# Détectez les bad buzz grace au Deeplearning

In [1]:
import warnings
warnings.simplefilter(action='ignore')

### basic libs
import os
import numpy as np
import pandas as pd
import seaborn as sns
import matplotlib.pyplot as plt
# import tensorflow as tf
from sklearn.manifold import TSNE
import nltk
from nltk.stem.snowball import EnglishStemmer
from sklearn.decomposition import LatentDirichletAllocation
from sklearn.feature_extraction.text import CountVectorizer
import gensim
import pyLDAvis
import pyLDAvis.gensim_models as gensimvis

pyLDAvis.enable_notebook()

# pd.set_option('display.max_rows', None)
# pd.set_option('display.max_columns', None)
# pd.set_option('display.width', None)
# pd.set_option('display.max_colwidth', -1)

done_preprocessing = 1

In [2]:
if not done_preprocessing:
    tweets_df = pd.read_csv('./dataset.csv', names=['target', 'id', 'date', 'flag', 'user', 'text'], encoding='latin-1')
    tweets_df = tweets_df[['target', 'text']]
    print(tweets_df.head())


In [3]:
if not done_preprocessing:
    lbls = ['Negative', '', '', '', 'Positive']
    sns.histplot(x=tweets_df["target"].apply(lambda x: lbls[x]))
    plt.show()

### Text preproccessing

In [5]:
test_size = 100000
val_size = 100000

if not done_preprocessing:
    stemmer = EnglishStemmer()
    tokenizer = nltk.RegexpTokenizer(r'\w+')
    stop_words = [stemmer.stem(w) for w in list(nltk.corpus.stopwords.words('english'))]

    def clean_up(text):
        text = text.split()
        for exclude in ['@', '/']:
            text = [w for w in text if not exclude in w]
        text = ' '.join(text)
        tokens = tokenizer.tokenize(text)
        tokens = [stemmer.stem(w) for w in tokens]
        tokens = [w for w in tokens if not w in stop_words]
        return " ".join(tokens)

    def tokenize_comments():
        tweets_df["text"] = tweets_df["text"].apply(clean_up)

    def get_most_used():
        freqs = {}
        tokenized_text = tweets_df["text"].to_list()
        for comment in tokenized_text:
            if isinstance(comment, str):
                comment = comment.split()
                for word in list(set(comment)):
                    if word in freqs:
                        freqs[word] += 1
                    else:
                        freqs[word] = 1

        freqs_list = [(x, freqs[x]/tweets_df.shape[0])for x in freqs]
        freqs_list = sorted(freqs_list, key=lambda x:x[1])[::-1]
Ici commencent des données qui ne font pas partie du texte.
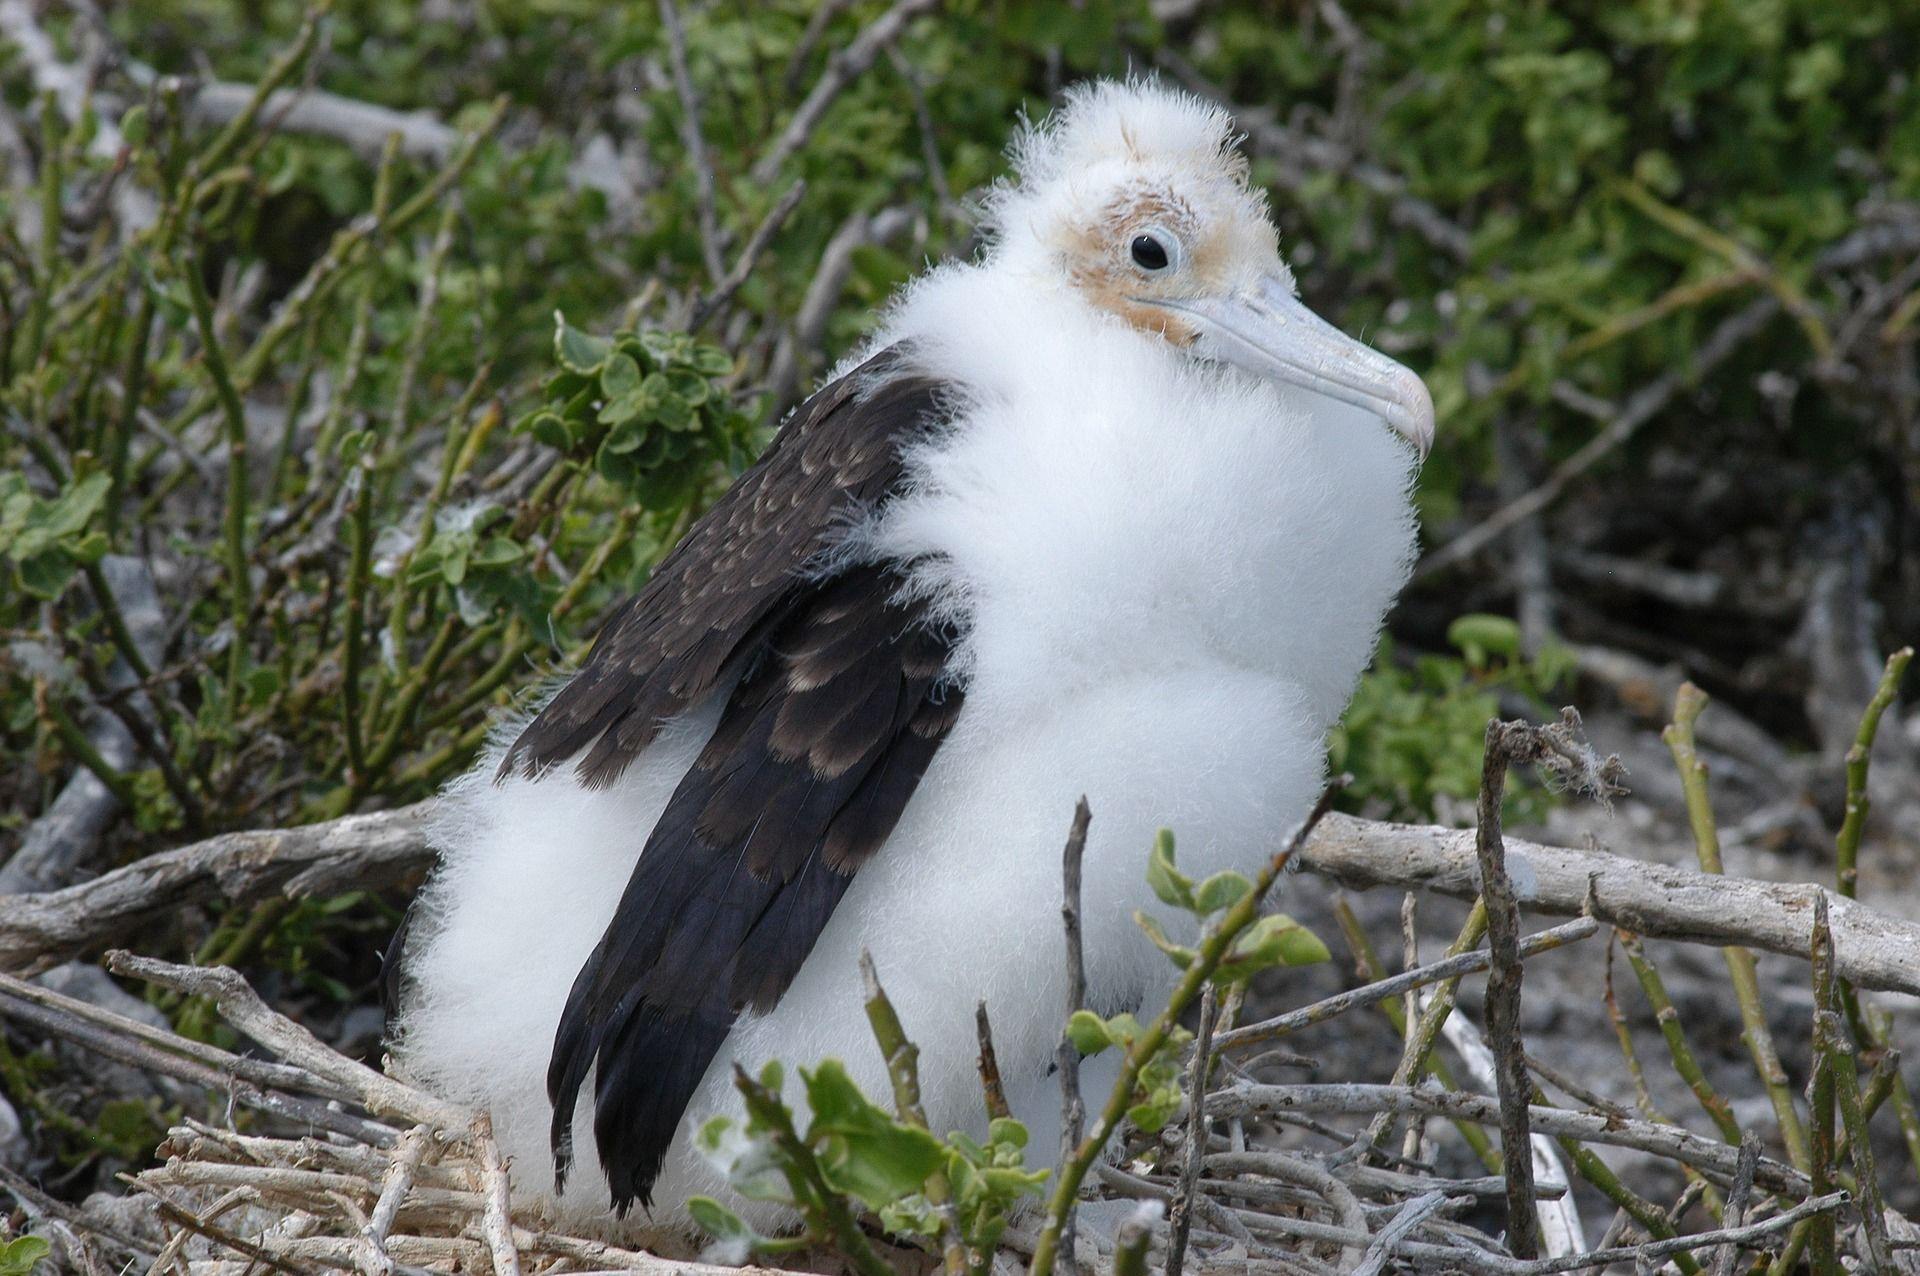 Смотреть лучшее фото детеныша фрегата в гнезде

        out = [x[0]for x in freqs_list[:100]]

        return out 

    def clear_words(tokens):
        if isinstance(tokens, str):
            return " ".join([w for w in tokens.split() if not w in n_frequent])
        else:
            return ""

    def del_most_freq():
        global tweets_df
        tweets_df = tweets_df.dropna()
        tweets_df["text"] = tweets_df["text"].apply(clear_words)          

    tokenize_comments()    

    n_frequent = get_most_used()

    del_most_freq()
    
    test_df = tweets_df.head(test_size)
    tweets_df = tweets_df.tail(tweets_df.shape[0] - test_size)
    val_df = tweets_df.head(val_size)
    tweets_df = tweets_df.tail(tweets_df.shape[0] - val_size)
    test_df.to_csv('text_test.csv', index=False)
    val_df.to_csv('text_val.csv', index=False)
    tweets_df.to_csv('text_train.csv', index=False)

In [6]:
if done_preprocessing:
    train_df = pd.read_csv('text_train.csv')
    train_df = train_df.sample(frac=1)
    test_df = pd.read_csv('text_test.csv')
    val_df = pd.read_csv('text_val.csv')
    
train_df.head()

Unnamed: 0,target,text
976607,0,ear hurt throat hurt bitch woe eat someth
1192017,4,moment univers usual air canada seat sale quit...
490485,4,incred video
822186,4,ok ur anywher near sit class swim parti lonngg...
1372297,0,confick opossum didnt